# Huge plant database opens to the public



## fishhead (Jul 19, 2006)

http://www.startribune.com/462/story/1466597.html

The site at plantinfo.umn.edu/arboretum/default.asp features information on where to buy plants and seeds, links to more than 2,000 North American seed and nursery farms, more than 300,000 citations to plants in science and garden magazines and books, and links to expert-selected websites on growing plants in all regions of the United States and Canada.


----------



## Labrat407 (Aug 24, 2007)

Plant Info 

Link to site


----------



## Windy in Kansas (Jun 16, 2002)

Labrat407 said:


> Plant Info
> 
> Link to site


Link url seems dead on arrival.


----------



## fishhead (Jul 19, 2006)

I just clicked on it and it worked for me.


----------



## jedsmom (Aug 15, 2007)

Thanks!! Great site!


----------



## IMP (Feb 7, 2006)

Thanks for posting this fishhead.


----------



## Spinner (Jul 19, 2003)

It's working for me. Thanks for posting the link.


----------



## Windy in Kansas (Jun 16, 2002)

Interesting that you folk can get the to the link page. 

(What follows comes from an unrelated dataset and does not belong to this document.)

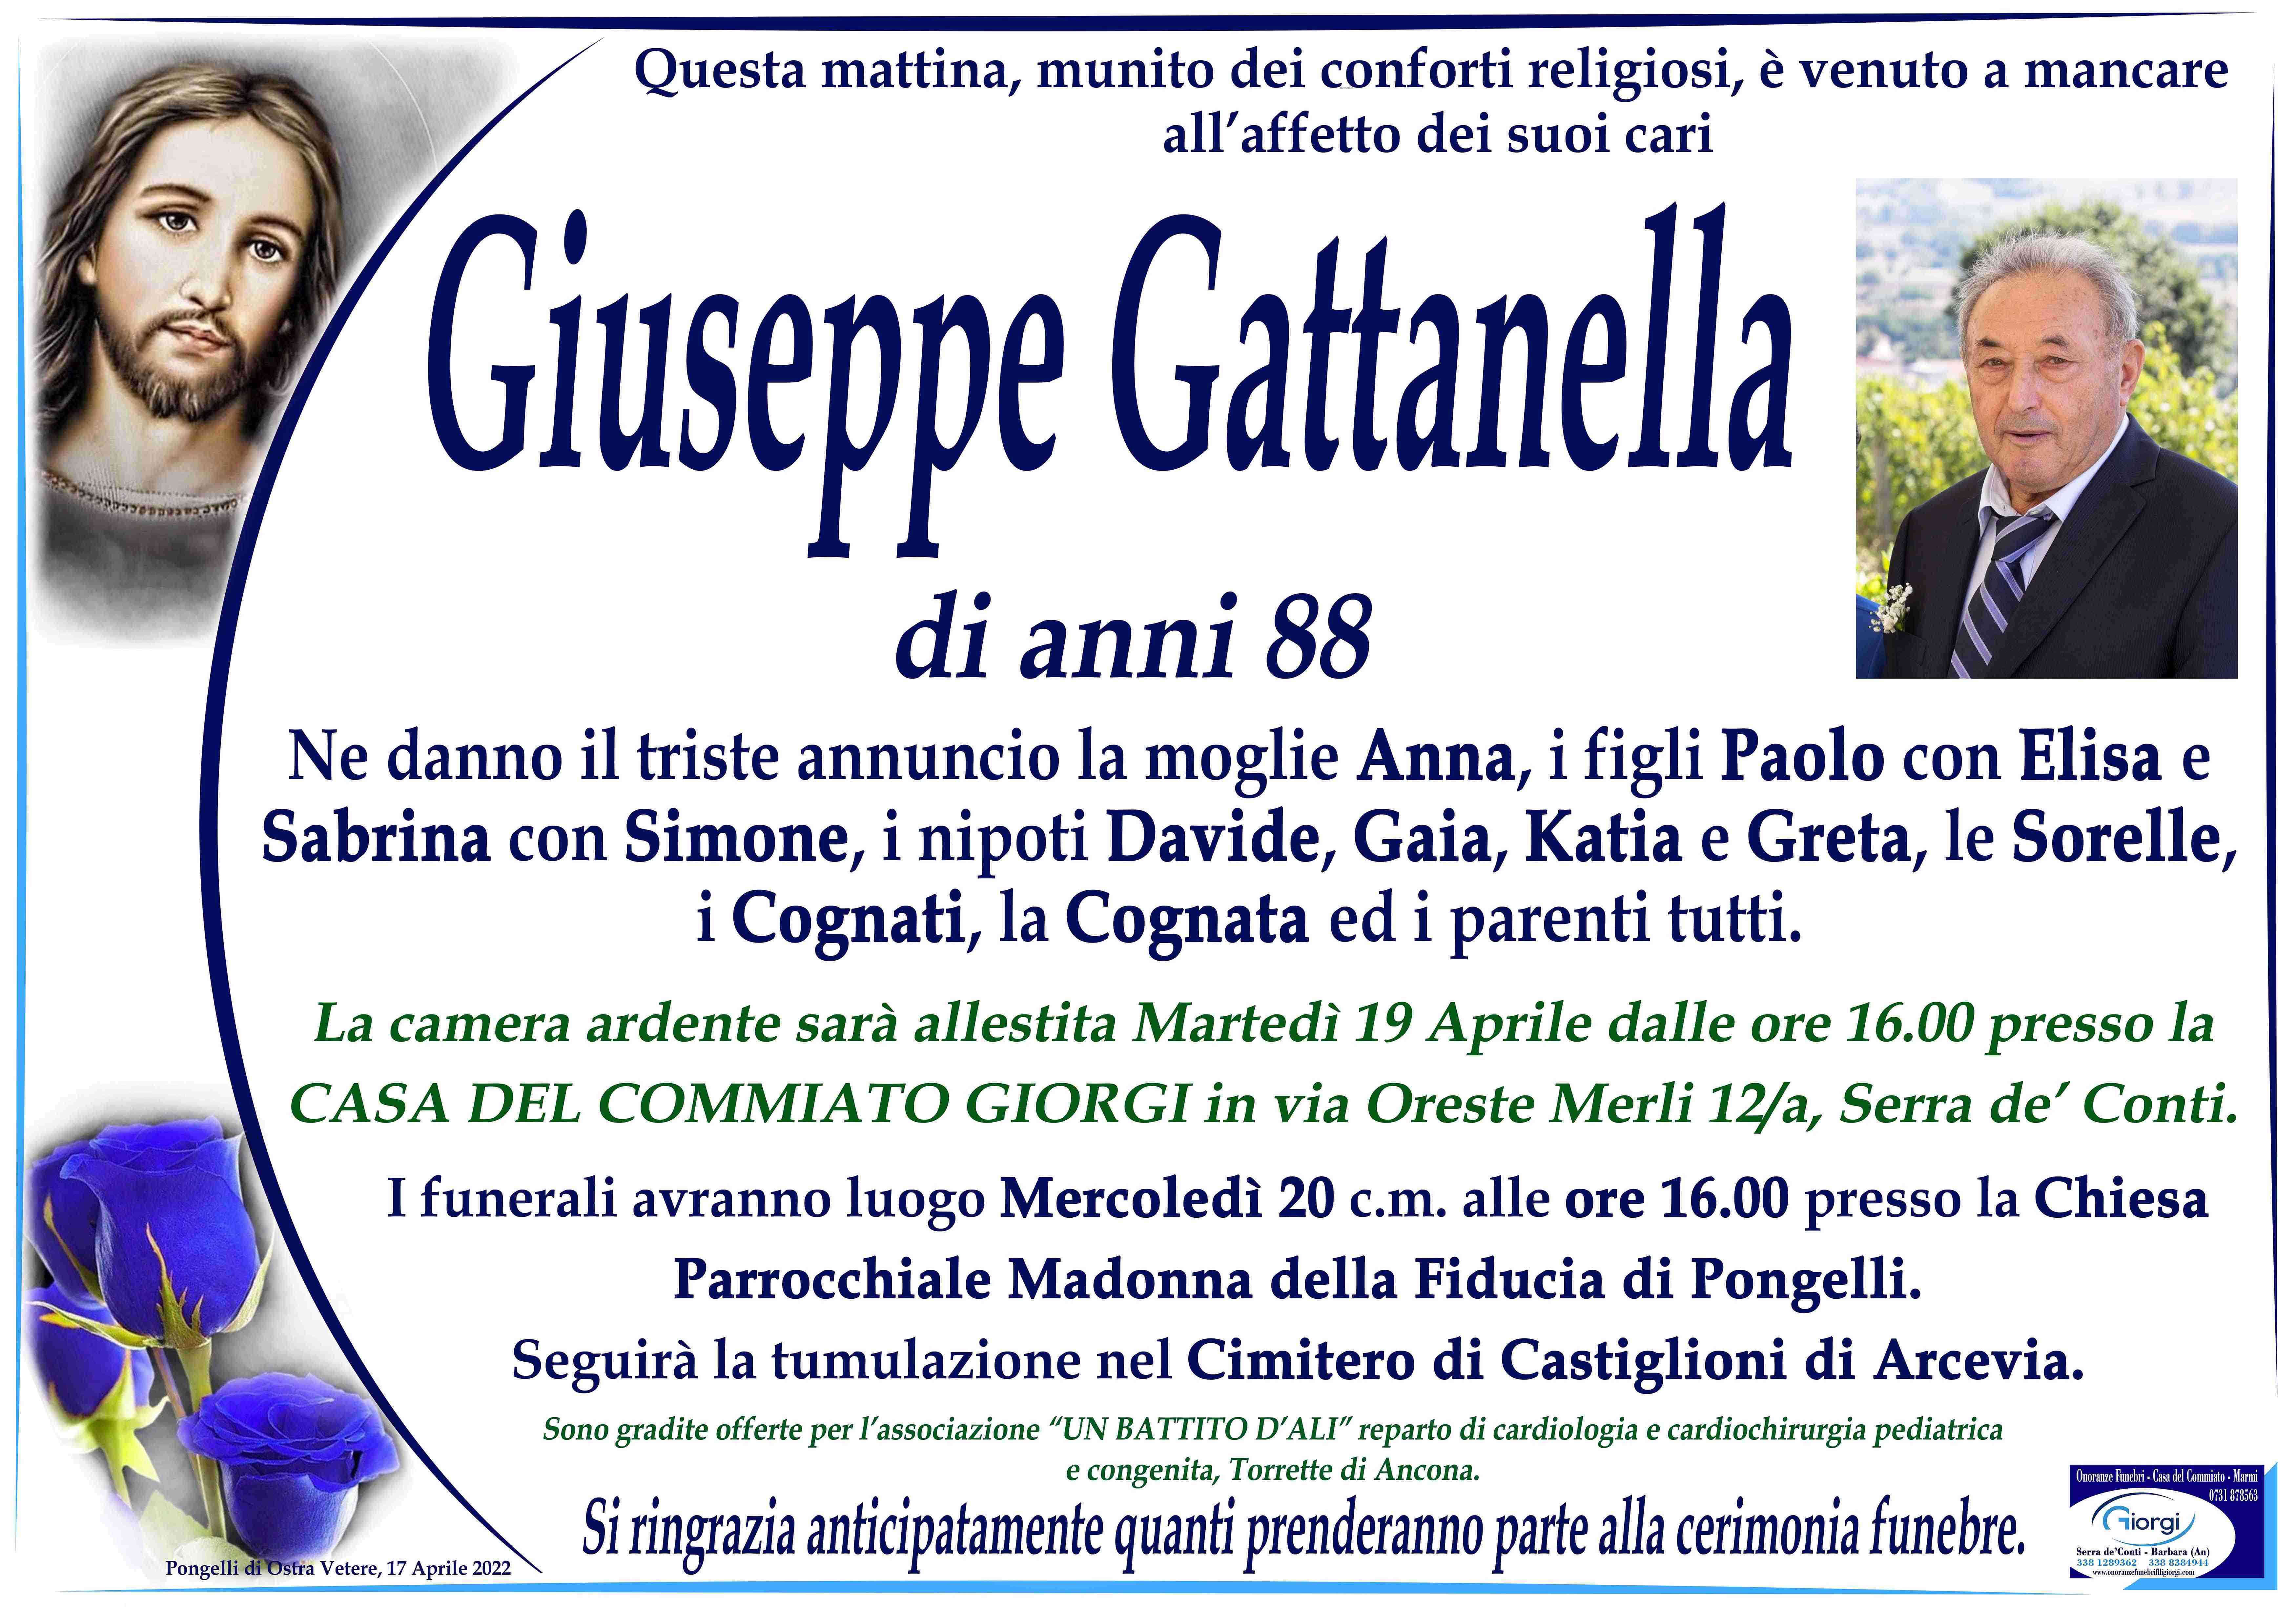 Giuseppe Gattanella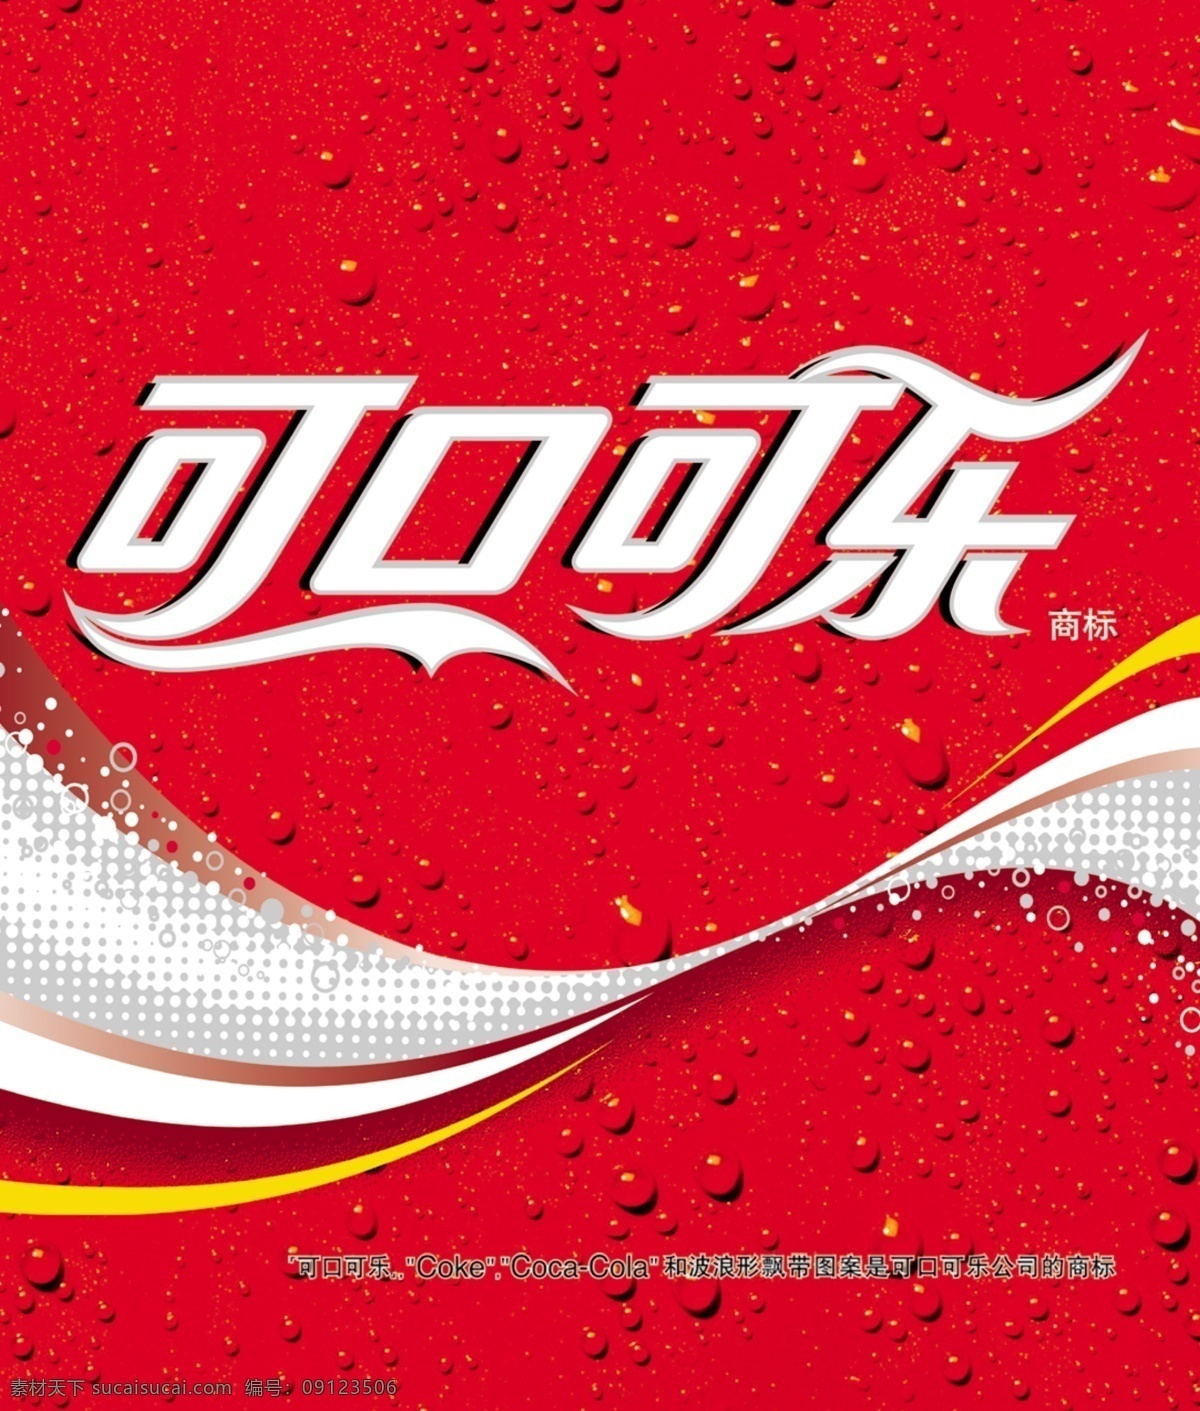 可口可乐 广告 可口可乐素材 可乐广告 可乐素材 psd源文件

I can get to the Star Tribune story but neither the link you give nor the link in the story works. All I get is "The page cannot be found."


----------



## Jan in CO (May 10, 2002)

Neat site! thanks for posting the link. Worked for me first time, Windy. Hope you can get it to work for you. Jan in Co


----------



## WisJim (Jan 14, 2004)

I found the site okay, but when I attempted to find sources for a couple of apple varieties, it didn't come up with any sources at all. Then I did a search for "apple", but was unable to narrow it down to a variety name. Seems like a useless site to me, if it won't find apple varieties.


----------